A 2 kg, 35 cm diameter turntable rotates at 150 RPM on frictionless bearings. Two 400g blacks fall from above, hit the turntable simultaneously at opposite ends of a diagnal and stick. What is the turntable's angular speed, in RPM, just after the event?

Wf =( Ii / If) x Wi

Rotating cylindar for Ii = 1/2 mr^2

Wf = [(1/2) (2kg) (0.75m)^2 / If ] x 150 RPM

Question::???::: How do I find the value of I final?
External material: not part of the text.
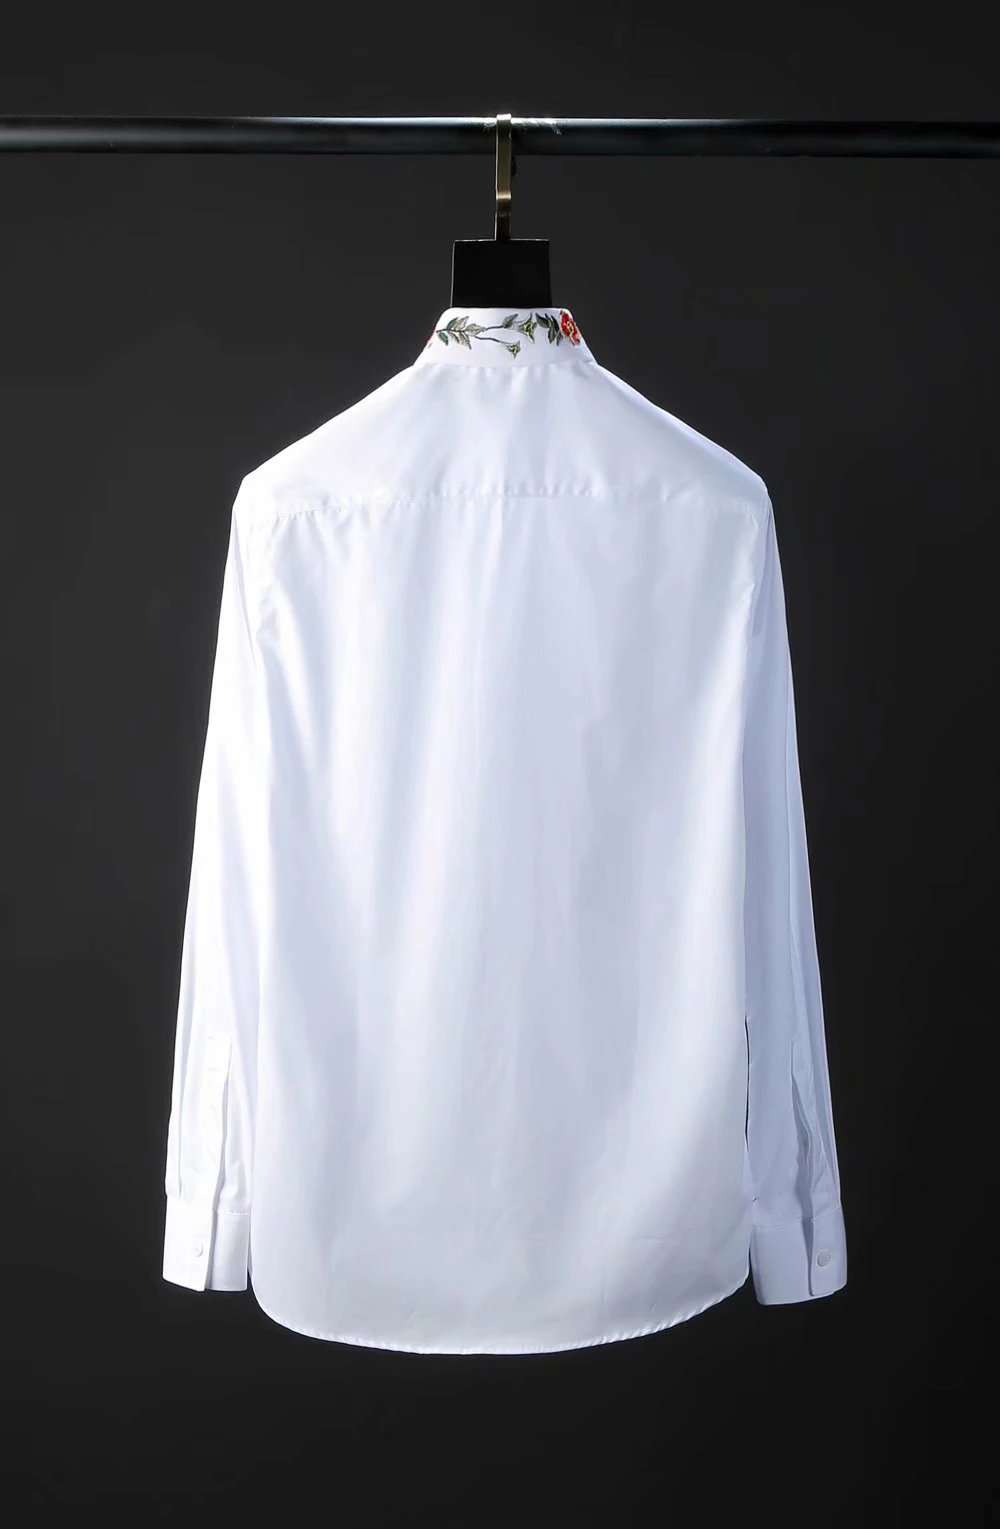 DUYOU/брендовая мужская рубашка из хлопка, мужская рубашка с длинными рукавами, мужская приталенная рубашка, мужская рубашка с воротником и вышивкой, повседневные рубашки с цветочным принтом

I have a note that it is mr^2.

The answer should be 83.3, but I do not know how to solve this from here.

Explanation / Answer

Initial I =mr^2/2 = 2*(0.35)^2/2=(0.35)^2

Intial w = 150 rpm

Since,2 blacks fall so,

mass of black =400 g =0.4 kg

Final I= Initial I + 2 *(mr^2) =(0.35)^2 +2*0.4*(0.35)^2

Since, angular momentum will remain conserved,

Initial I*Intial w = Final I * Final W

Final W= (Initial I*Intial w)/ Final I

Wf=((0.35)^2*150)/((0.35)^2 +2*0.4*(0.35)^2)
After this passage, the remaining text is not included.